Personally, I am impressed with these tires so far. Having been a fan of Michelin Pro Race for years, they seem to resist cuts much better, ride as well and are just showing signs of wear.
Just might buy another set when these wear out.


----------



## zac (Aug 5, 2005)

Guys just be aware that there are two versions of the Bonty Race X Lite clincher tire. There is the standard, and the hard case (I think Bontrager calls it the AC). I am not sure which tire comes stock on the Madones.

I actually like the Bonty X Lites too. Over the last two years, I have probably gone through 10 of them. Some due to cutting (I did two in one ride! that was an expensive day, and they were brand frick'n new too.) But I would say I get close to 2-2.5k on a brand new rear, depends on season. On a front to rear swap, well over 3k. But I tend to ride them almost down to tread. Winter/Spring riding I usually kill the tire before the tread goes so, maybe 1-1.5k. Right now I am trying out the newer Conty GP 4000s and the Miche Pro3s.

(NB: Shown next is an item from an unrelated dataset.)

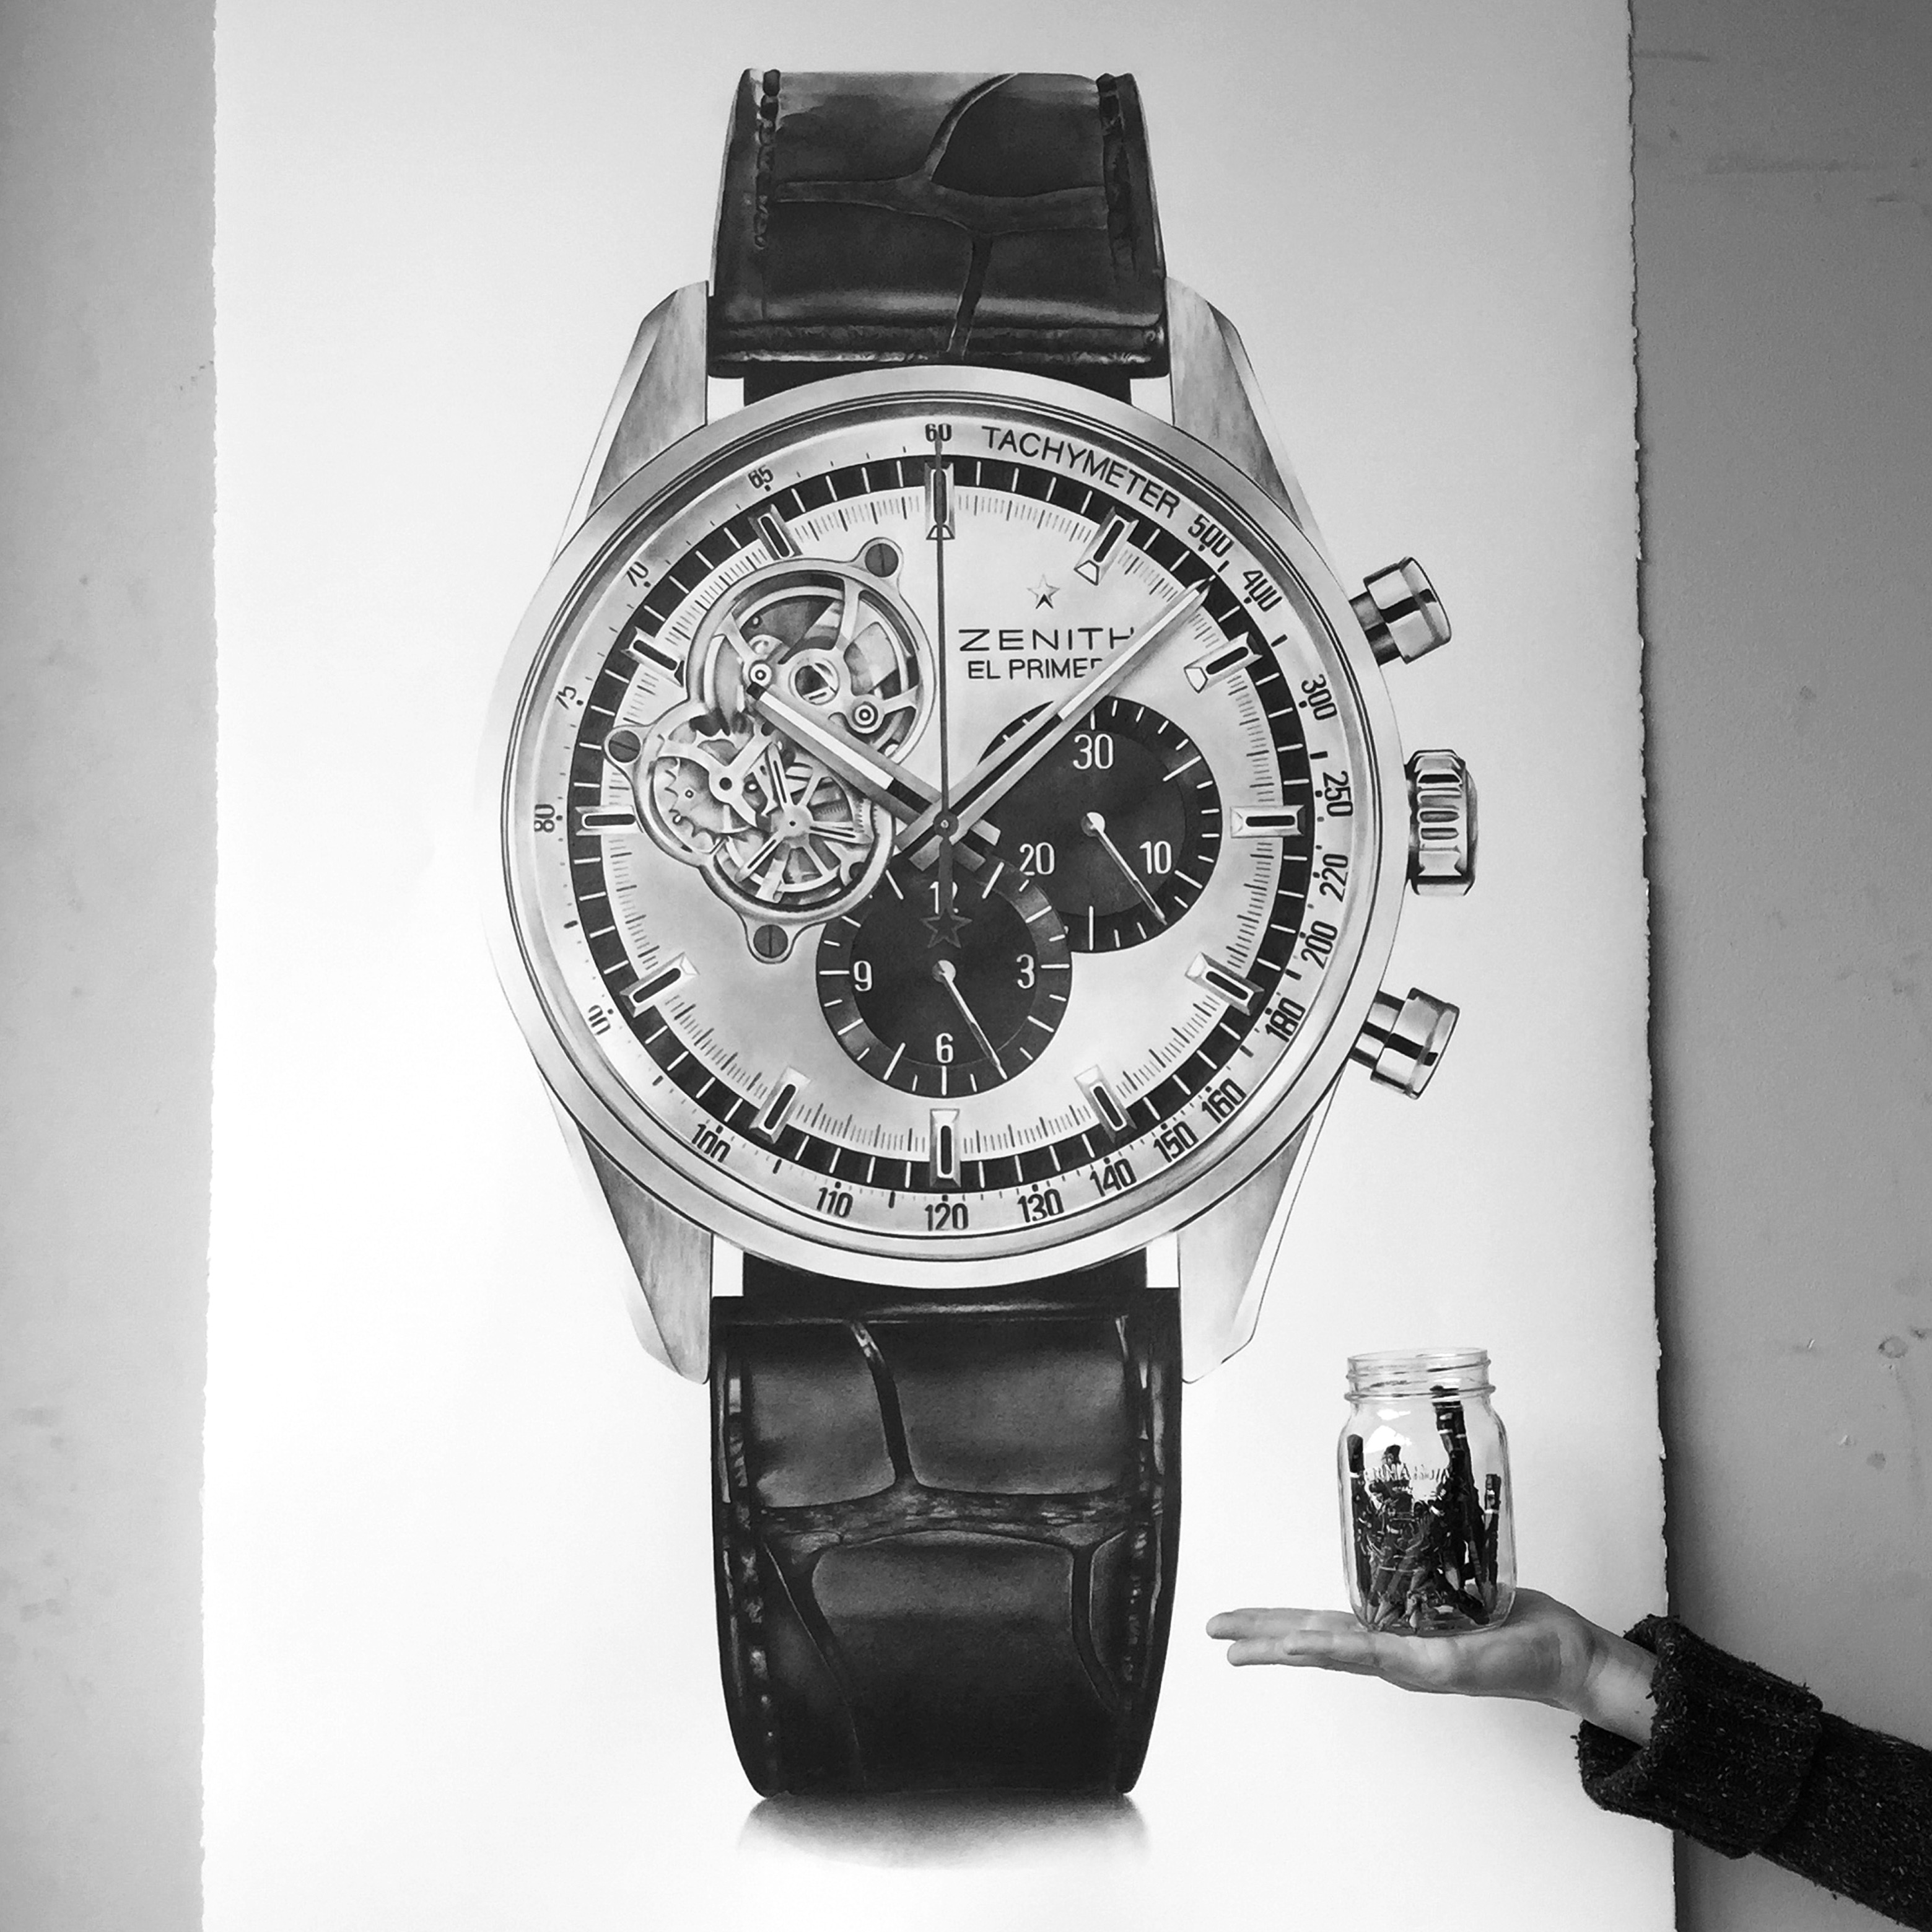 Zenith-El-Primero-JKAI-Timepieces-Julie-Kraulis
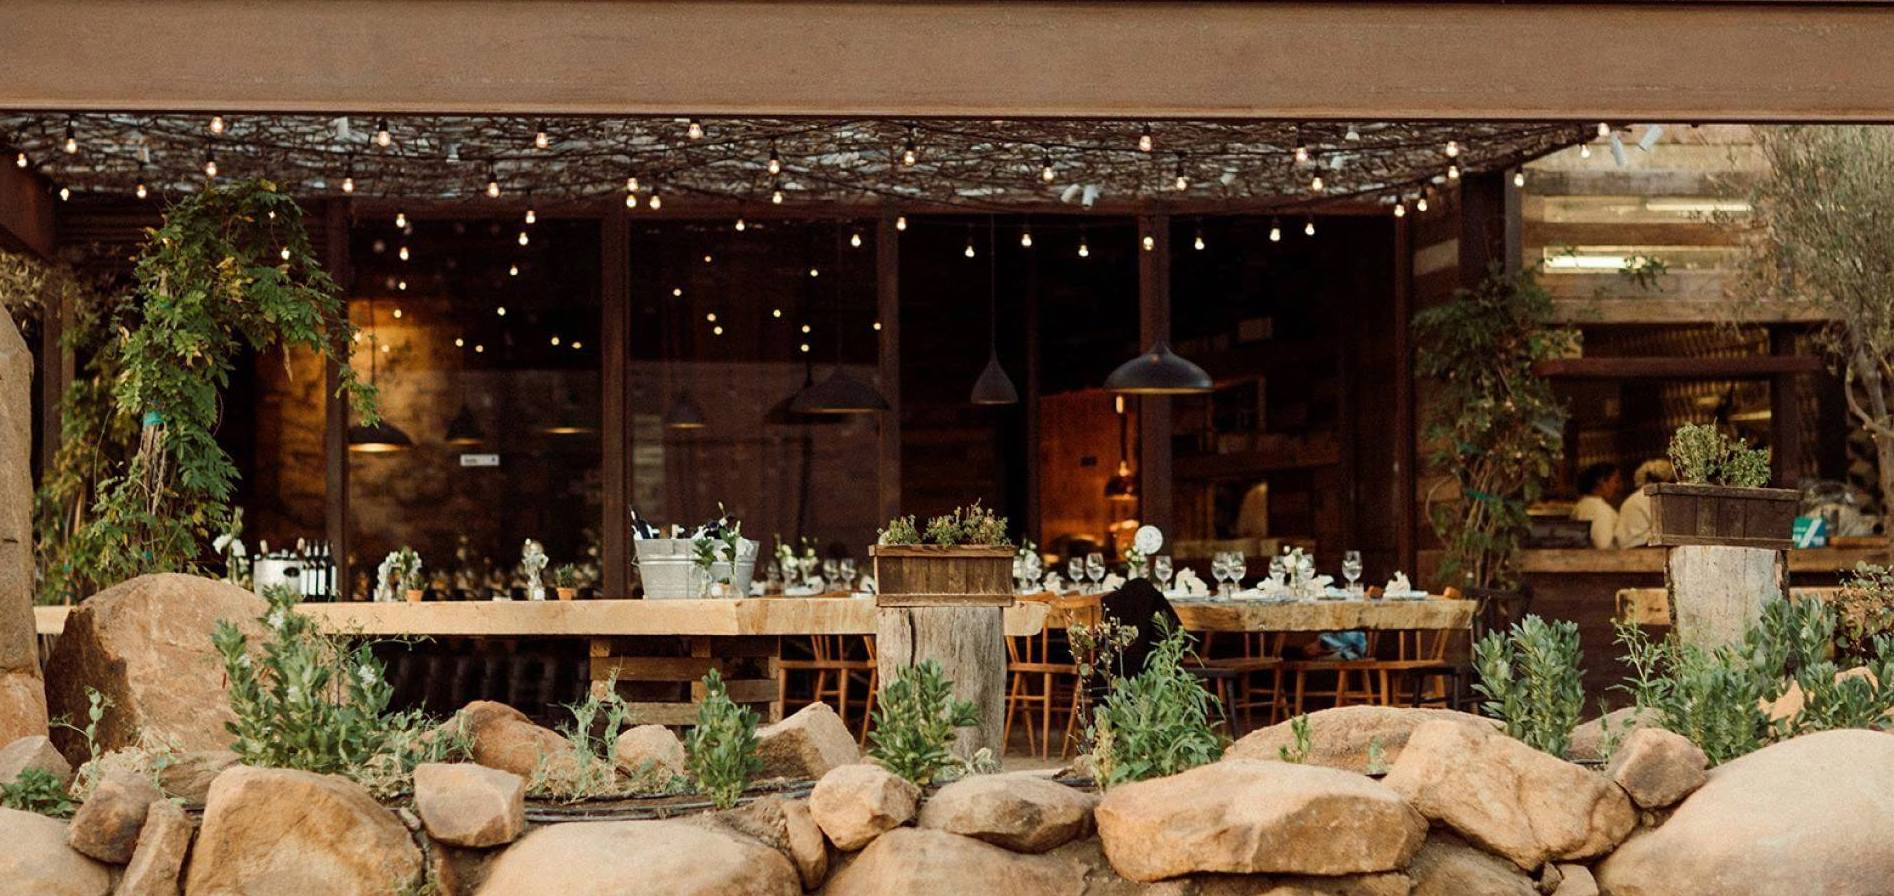 Fauna restaurante Latin America's 50 Best Restaurants

I would say that I spend more on tires than any other bike related item. And it was one of the reasons why after many, many years on tubulars, I finally switched over to clinchers full time. 

HTH
zac


----------



## smokey0066 (Mar 6, 2006)

i got a really bad cut after 150 miles on my 5.2.. replaced with gp4000


----------



## mtbdcd (Jul 7, 2002)

The X-lites that came on my 5.2, rear got about 3000 miles. Front going strong after 4000 with many more to go. These are much...... better x-lites than i tried a few years back.


----------



## nor_cal_rider (Dec 18, 2006)

I got about 2300 miles on the rear of my stock tires on my 5.2 before I needed to replace it. Now I have about 3800 miles and the front is showing wear and my rear is as well. I just picked up a set of CHEAP Conti "GP4000s" from my LBS to try out. If I don't like them, it'll only be a few months and I can think about the Pro Race 3's or maybe back to the Bonte's - and the LBS will always work something out to keep a happy customer.


----------



## andyaa (Mar 5, 2008)

I just replaced my tires at 1000 miles. They would have gone longer but I got a piece of glass in the back tire a couple of weeks ago. I put on a another couple of 100 miles after the cut but when inspecting the tire it looked risky so I decided to replace it. I put on 2 Bontrager X-lite AC red tires. I hope they last more than 1000 miles. And they sure look cool on my Madone 5.5 Standard with the red paint.


----------



## hendrick81 (Jun 8, 2008)

I got about 800 miles on my madone 4.5 and the tires still look great


----------